Michigan Sierra Club Chapter Assistant Director Gail Philbin [said] Tuesday that she believes the action will “effectively remove Right to Farm Act protection for many urban and suburban backyard farmers raising small numbers of animals.”

“The Michigan Agriculture Commission passed up an opportunity to support one of the hottest trends in food in Michigan–public demand for access to more local, healthy, sustainable food,” Philbin said via e-mail Tuesday.

“The commission is essentially taking sides in the marketplace, ” she said.

She credited commissioners with listening thoughtfully to dozens of people who commented in opposition of the changes.

“However, in the end,” she said, “the commission made only minor modifications to the rules that, for the most part, won’t change the reality facing the growing number of citizens around the state who seek some control over the quality of what they feed their families.

She said the changes favor large farming operations and leave thousands of people who simply want to grow their own food “to fend for themselves.” (source)

Many Michigan residents are unhappy with the ruling. The Inquistor reports:

Kim White, who raises chickens and rabbits, said, “They don’t want us little guys feeding ourselves. They want us to go all to the big farms.

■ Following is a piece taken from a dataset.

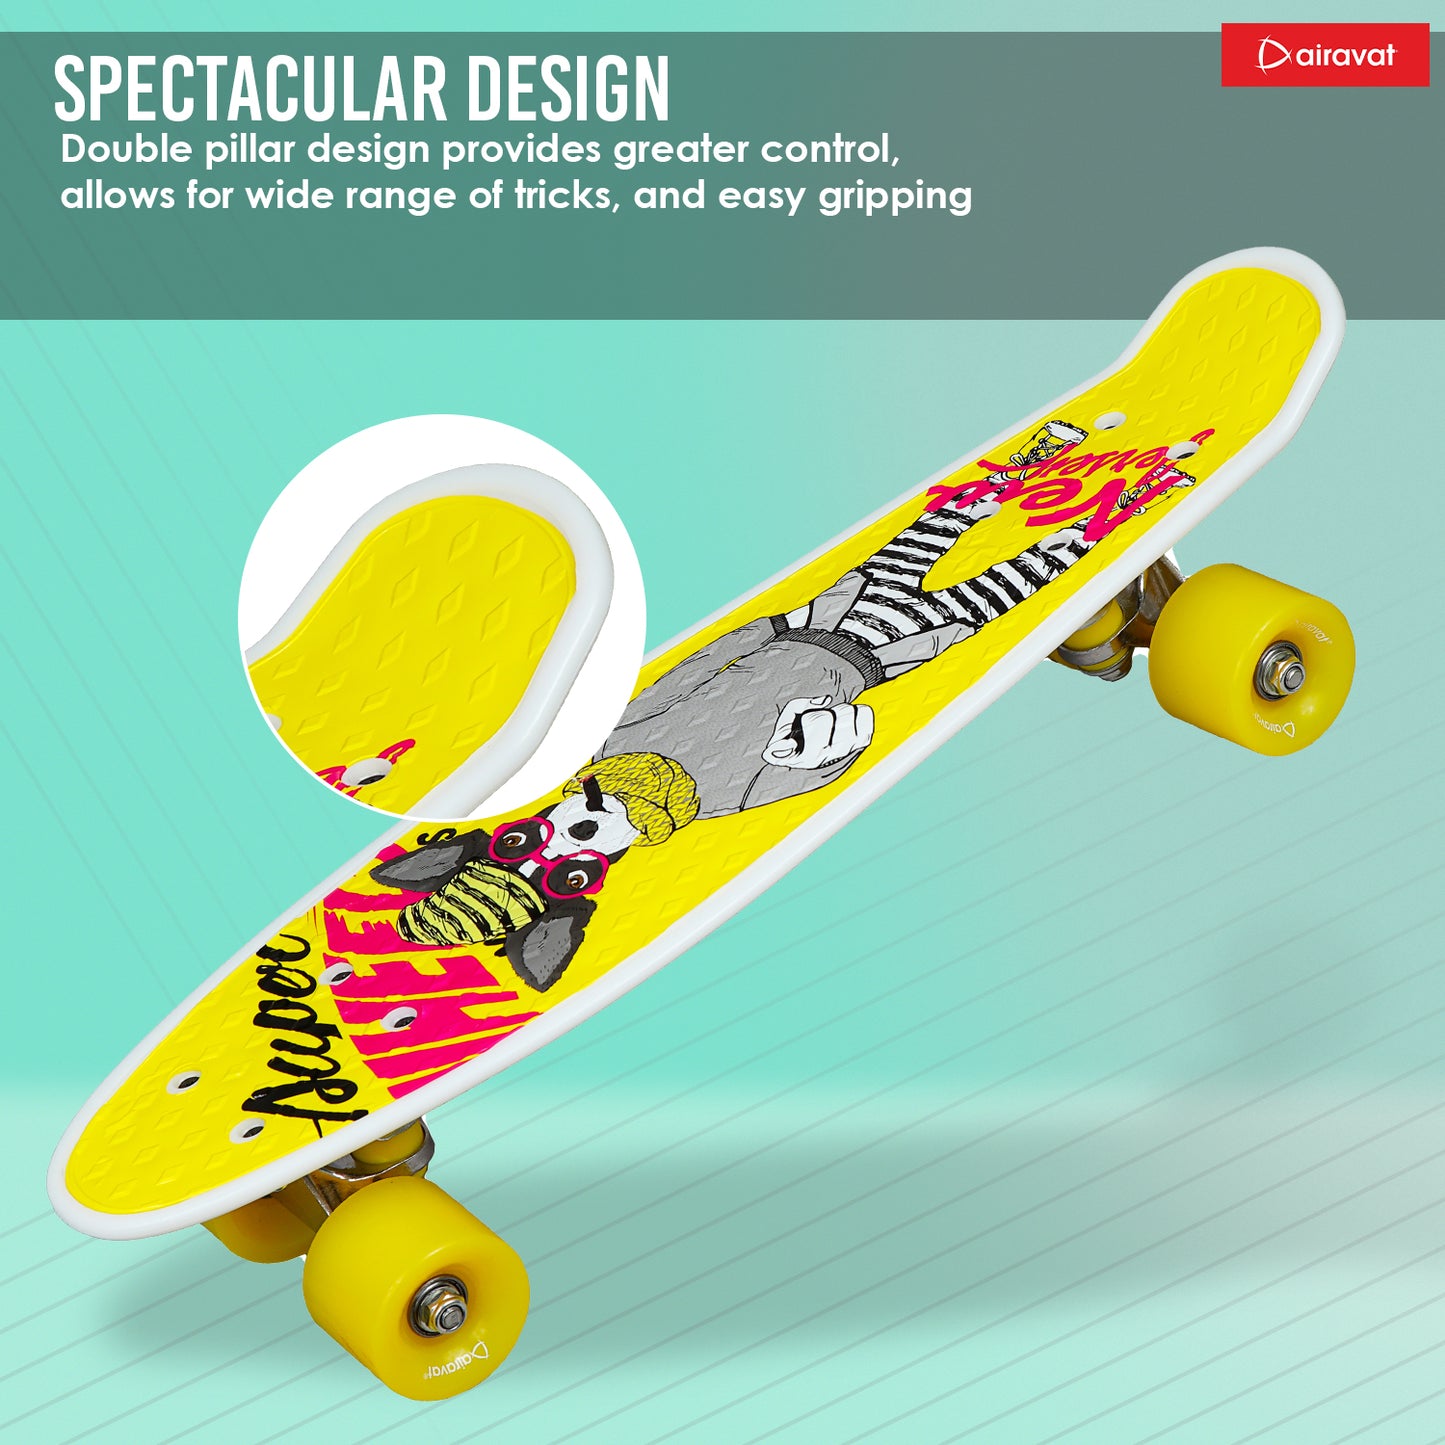 7811-skateboard-style-7-spectacular-design

They want to do away with small farms and I believe that is what’s motivating it.”

…Shady Grove Farm in Gwinn, Michigan is the six and a half acre home to 150 egg-laying hens that provide eggs to a local co-op and a local restaurant. The small Michigan farm also homes sheep for wool and a few turkeys and meat chickens to provide fresh healthy, local poultry. “We produce food with integrity,” Randy Buchler told The Blaze about Shady Grove Farm. “Everything we do here is 100 percent natural — we like to say it’s beyond organic. We take a lot of pride and care in what we’re doing here.” Shady Grove Farm was doing its part to bring healthy, local, organic food to the tables of Gwinn residents, and it mirrors the attitudes of hundreds of other small farming operations in Michigan and thousands of others popping up around the nation.

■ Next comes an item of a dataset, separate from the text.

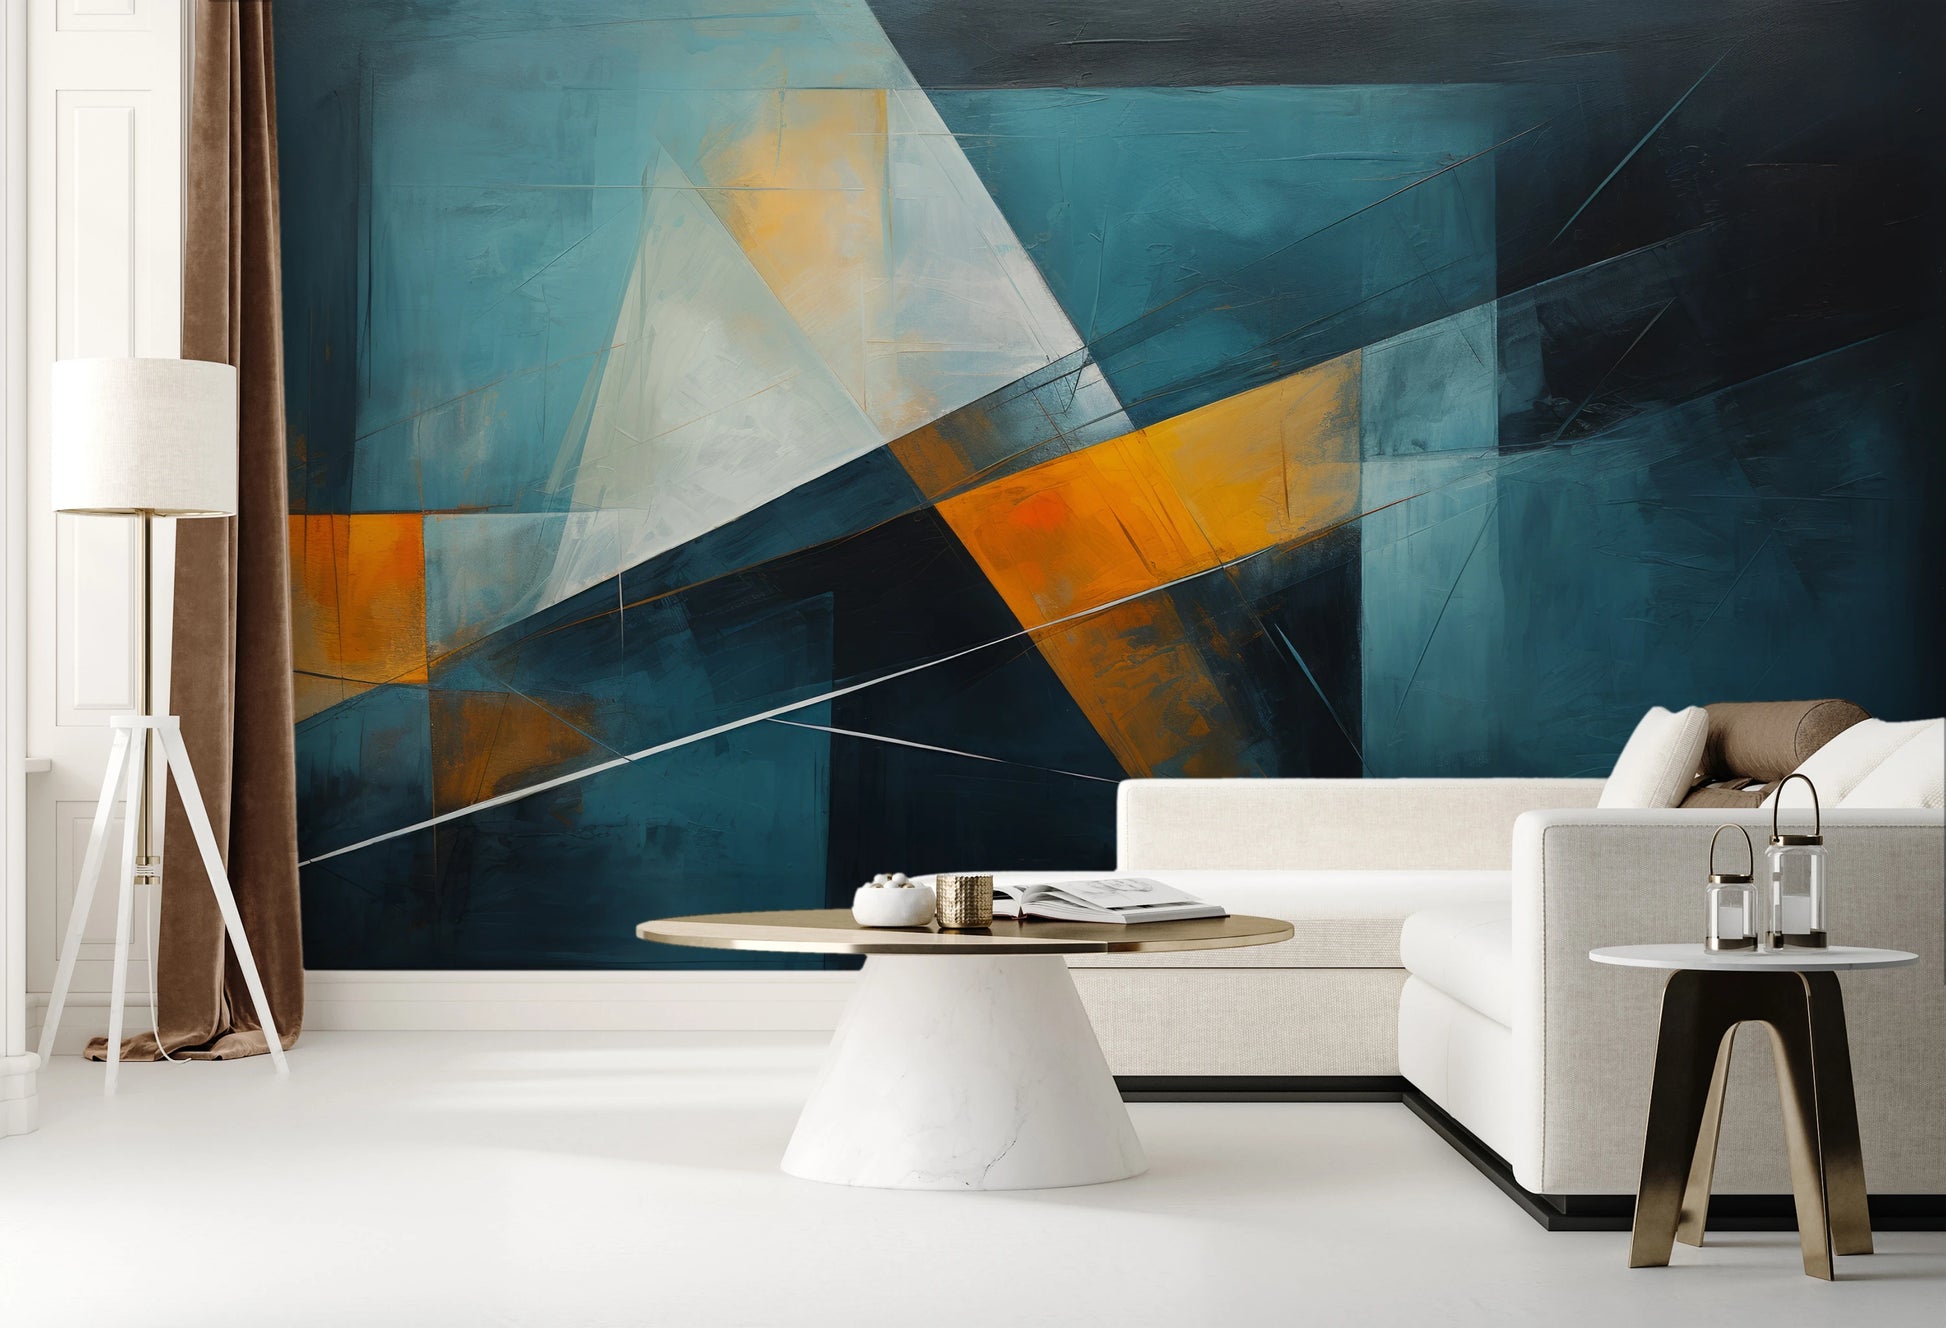 Fototapeta malowana o nazwie Abstract Depths pokazana w aranżacji wnętrza.

…“Farm Bureau has become another special interest beholden to big business and out of touch with small farmers, and constitutional and property rights of the little guy,” Pine Hallow Farms wrote to the Michigan Small Farm Council. (source)

This is not Michigan’s first attack on those who defy Big Agri. Back in 2012, a farmer had his heritage pigs declared an “invasive species” and was ordered to have them destroyed, even though his family had been raising that same breed for generations.

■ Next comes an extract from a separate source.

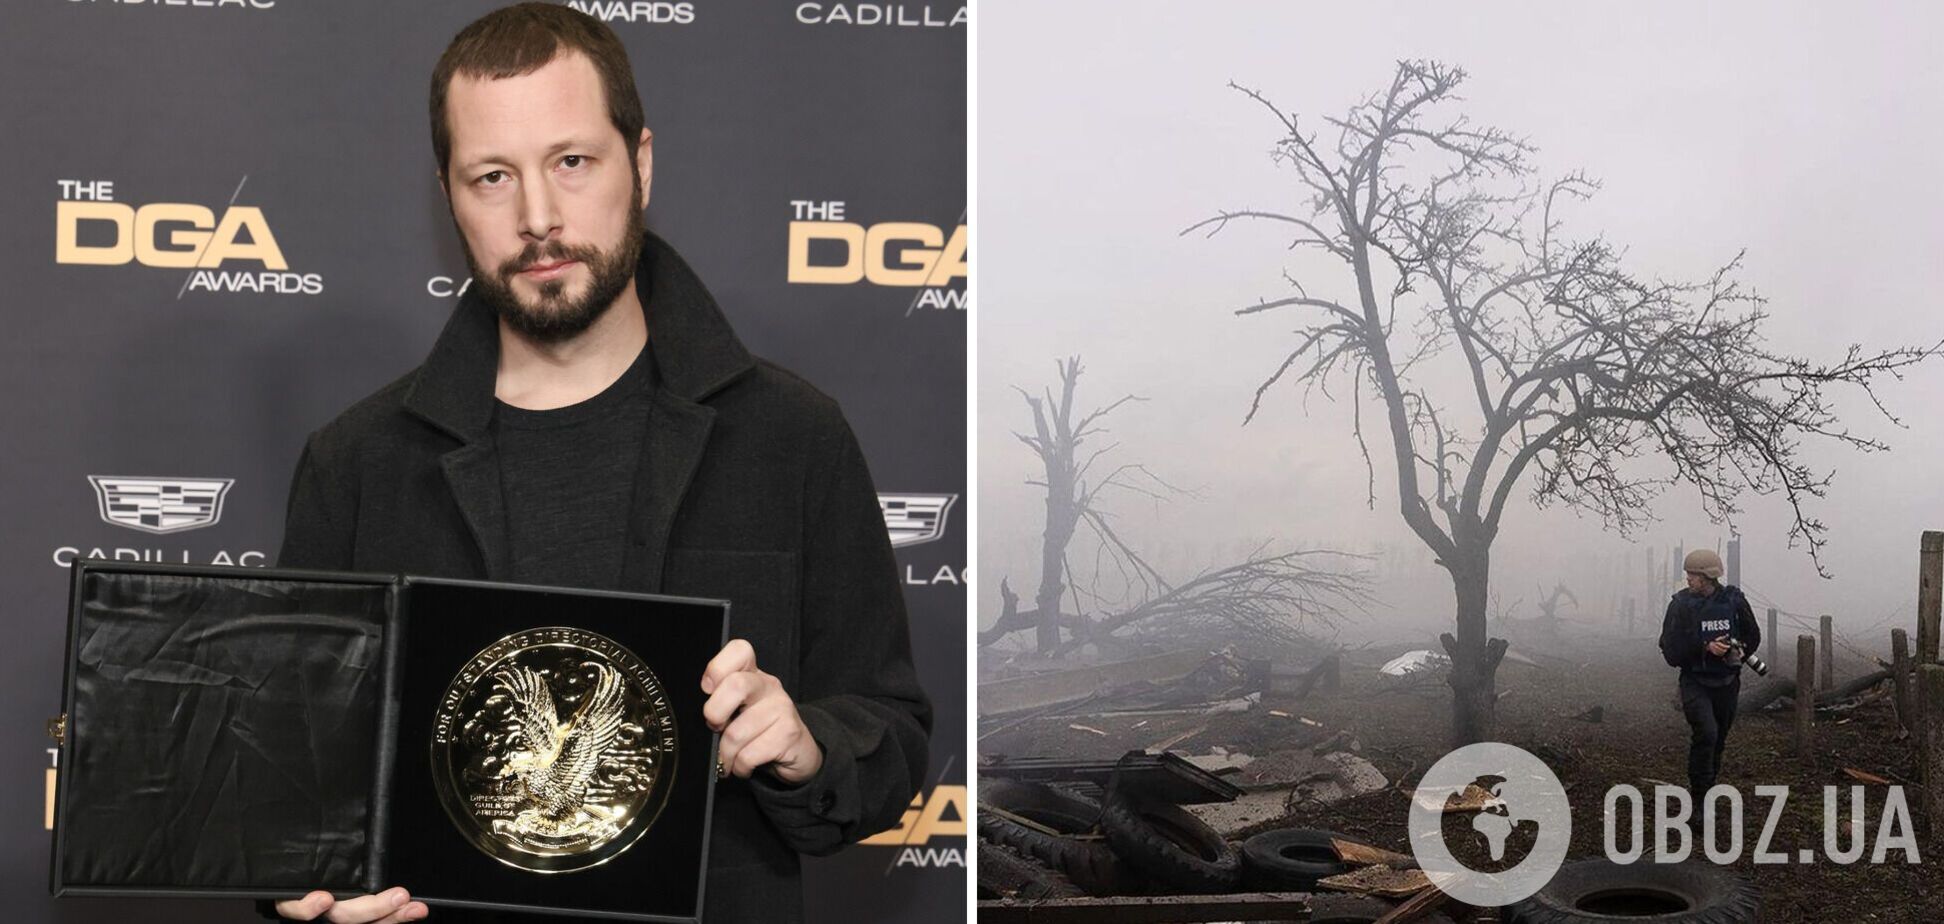 Режисер '20 днів у Маріуполі' Мстислав Чернов отримав премію Гільдії режисерів США, яку називають репетицією 'Оскара'

Little by little, more people are becoming aware of the horrors in industrial agriculture. We don’t want to ingest hormones and antibiotics secondhand. We realize that whatever the animal has been fed, we are also being fed, so we don’t want to eat eggs that come from chickens fed GMO corn. We understand that the horrible cruelty in which factory-farmed animals are raised certainly does not result in a healthy meat product in the styrofoam package. We know that the only way you can know for sure what you are getting is to raise it yourself.

Corporate interests can’t have that, of course. They need folks to be blind and deaf to the atrocities they commit, or, at the very least, be unable to have the option to refuse to purchase the harvests of such atrocities.

We here at Nutritional Anarchy strongly recommend raising your own food and buying locally, but in Michigan, that course of action is about to get a whole lot more difficult.

Independence from the system is not just frowned on, it’s quashed completely. Welcome to your life in the Era of Agenda 21.

Daisy Luther is a freelance writer and editor. Her website, Nutritional Anarchy, where this article first appeared, offers information on healthy prepping, including premium nutritional choices, general wellness and non-tech solutions. You can follow Daisy on Facebook and Twitter.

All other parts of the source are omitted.